Please output the line containing "Image of Festool" and all lines that follow it in the data below, exactly, with no pictures.

Data block
*-*-*
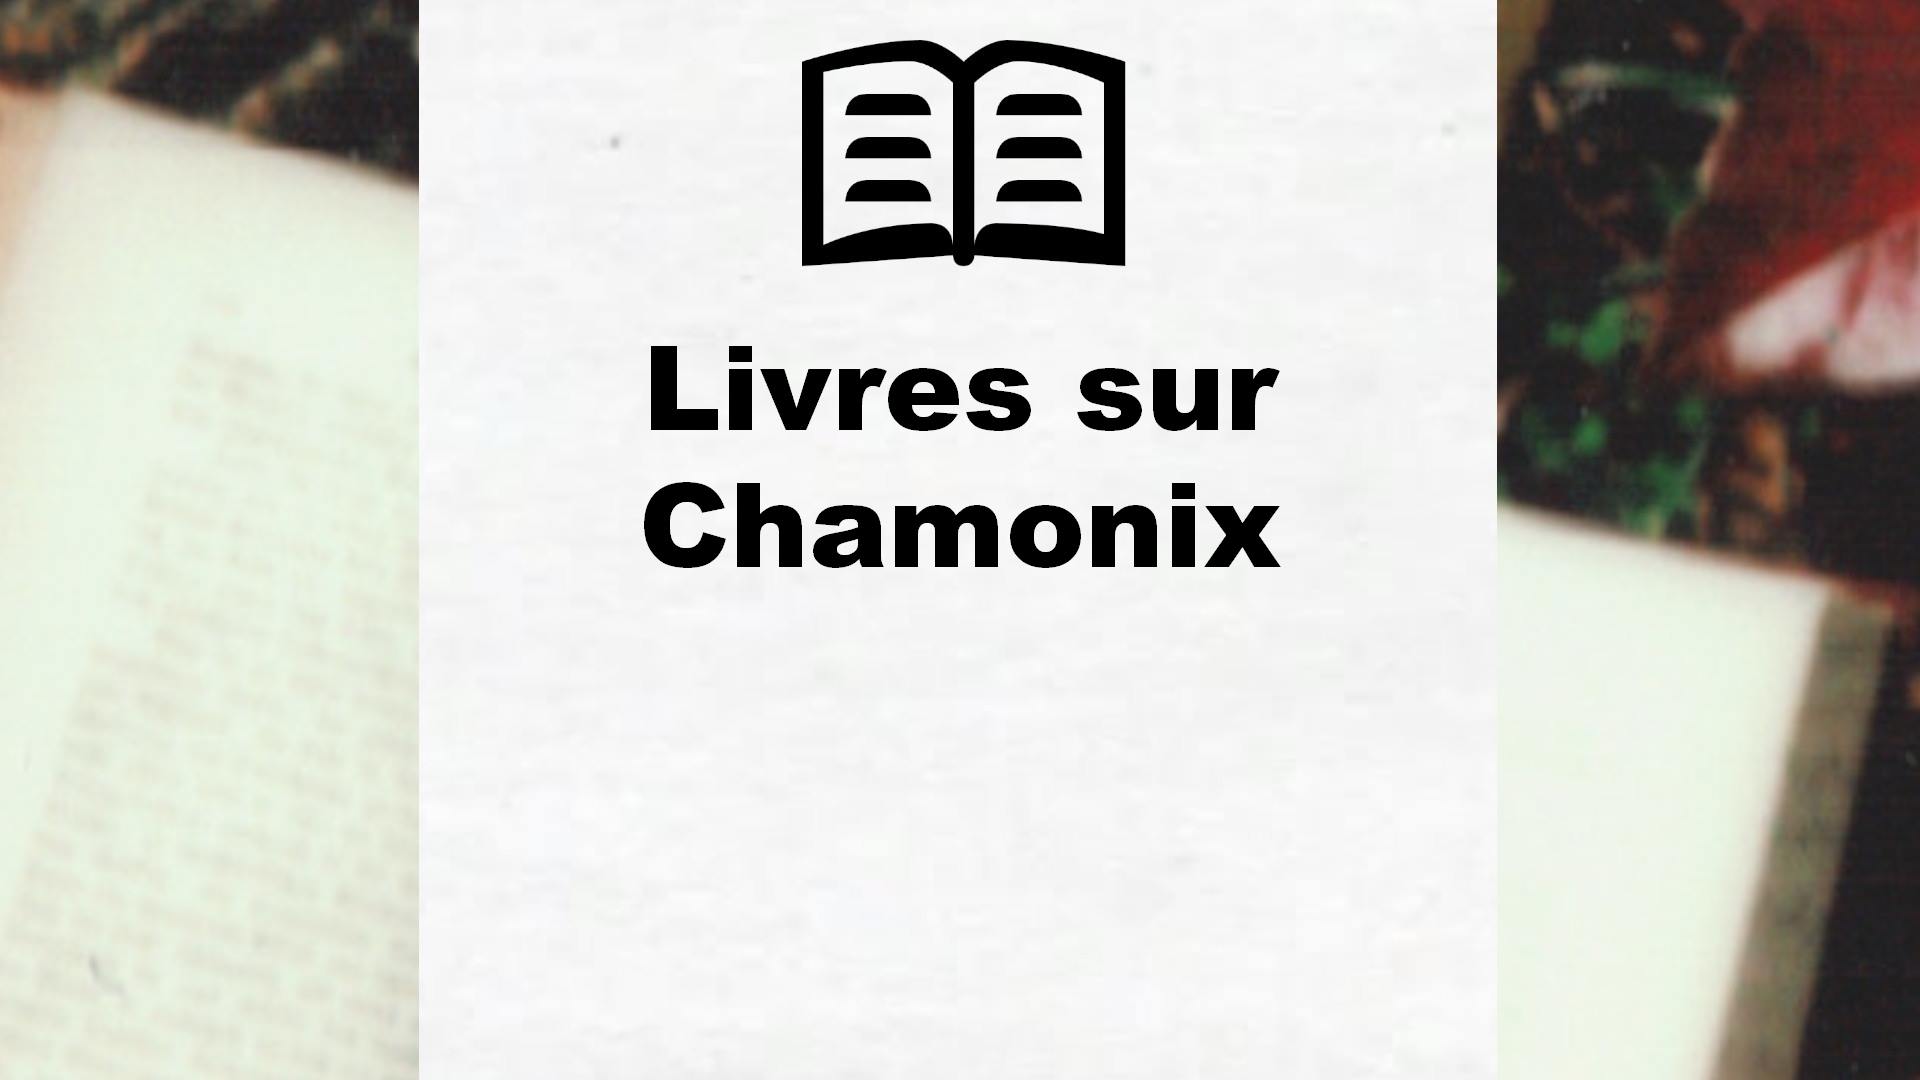 Livres sur Chamonix
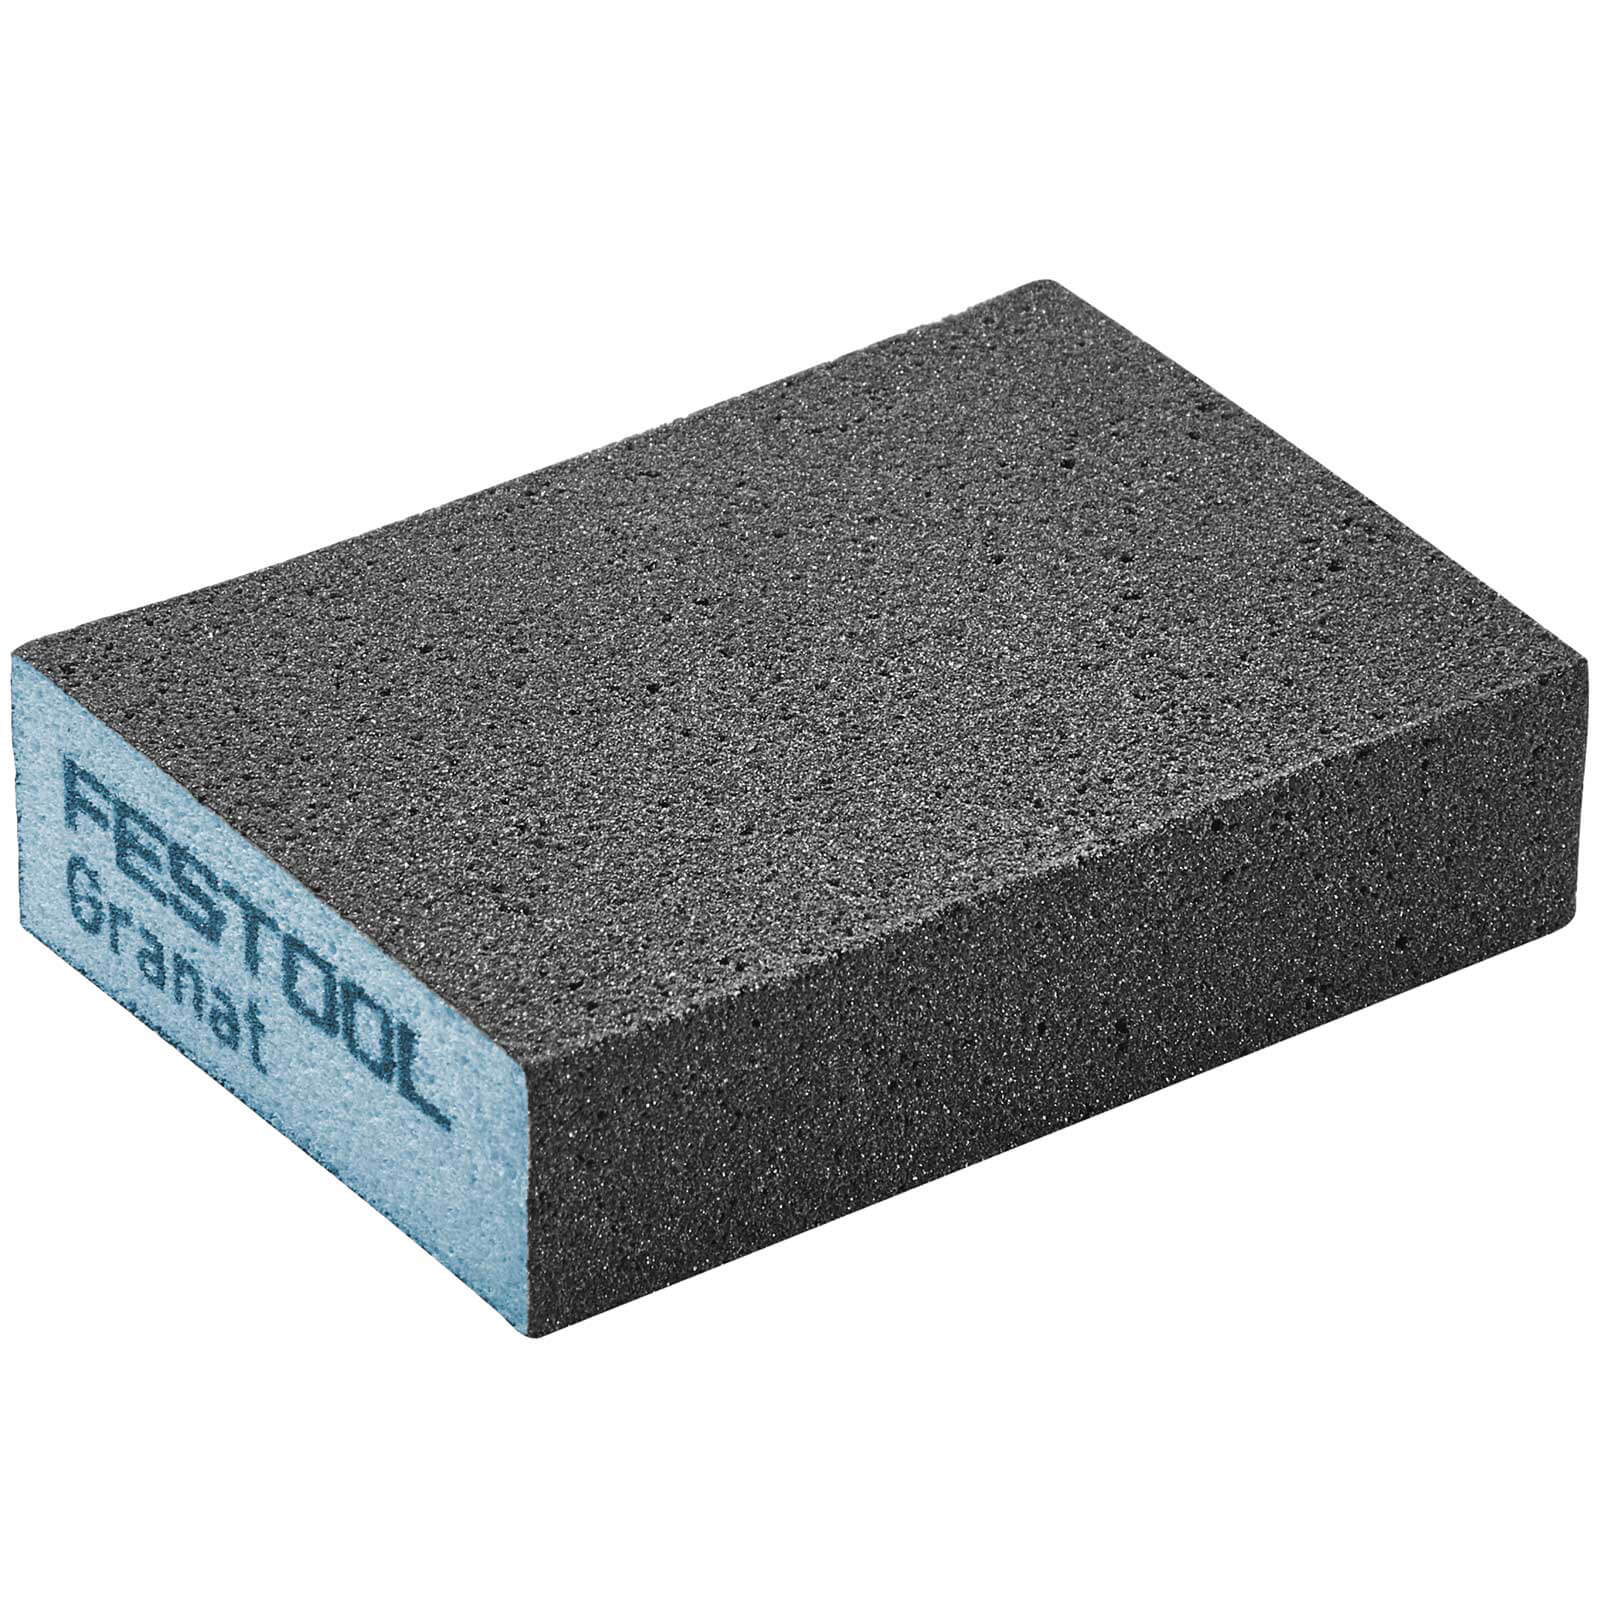 Image of Festool Abrasive Hand Sanding Sponge Block 120g Pack of 6
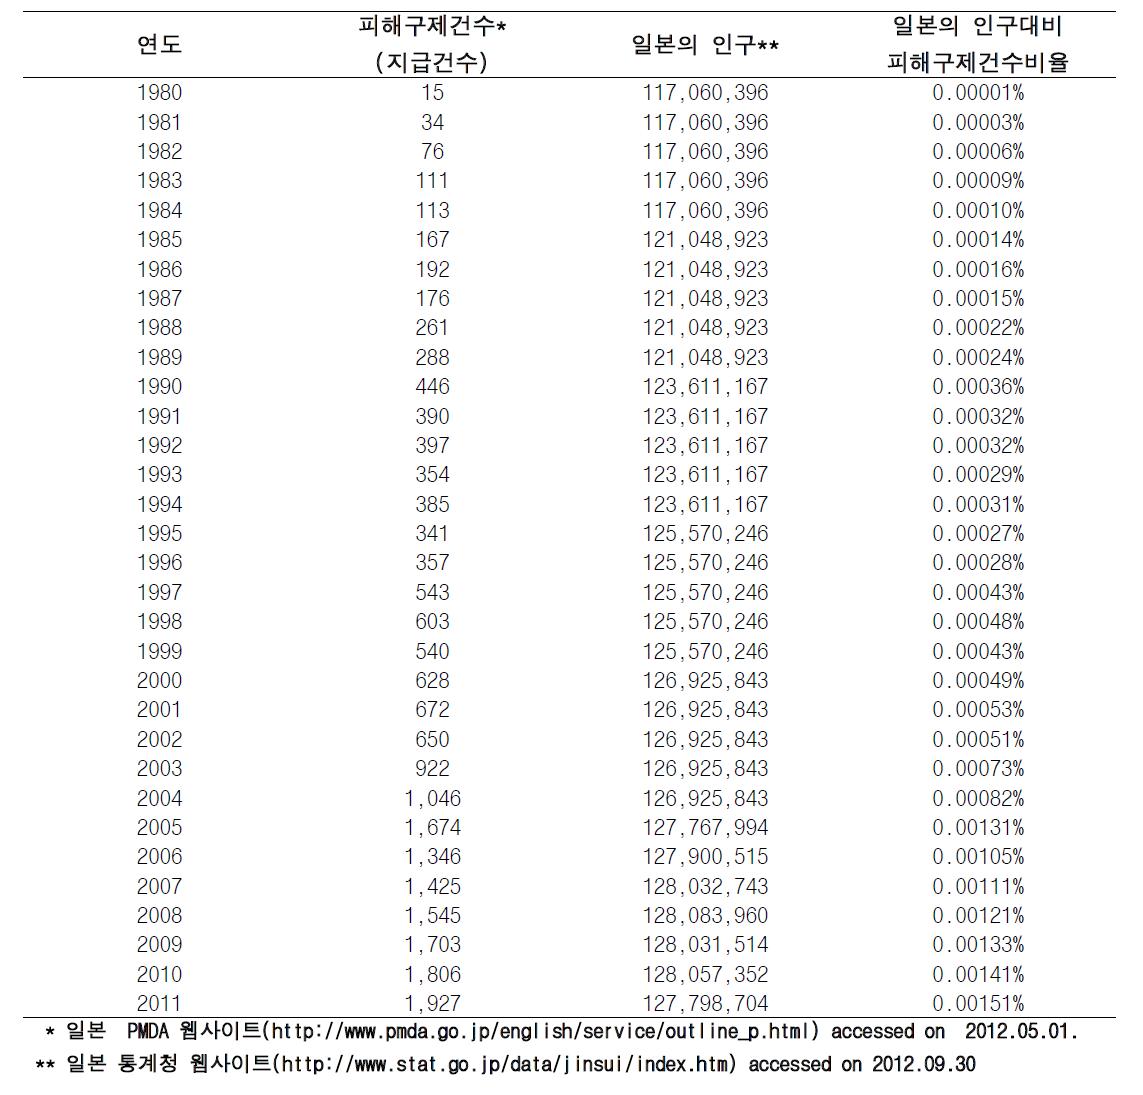 일본의 피해구제건수와 인구대비 피해구제건수비율
*-*-*
Exercise response
 Image of Festool Abrasive Hand Sanding Sponge Block 120g Pack of 6
 일본의 피해구제건수와 인구대비 피해구제건수비율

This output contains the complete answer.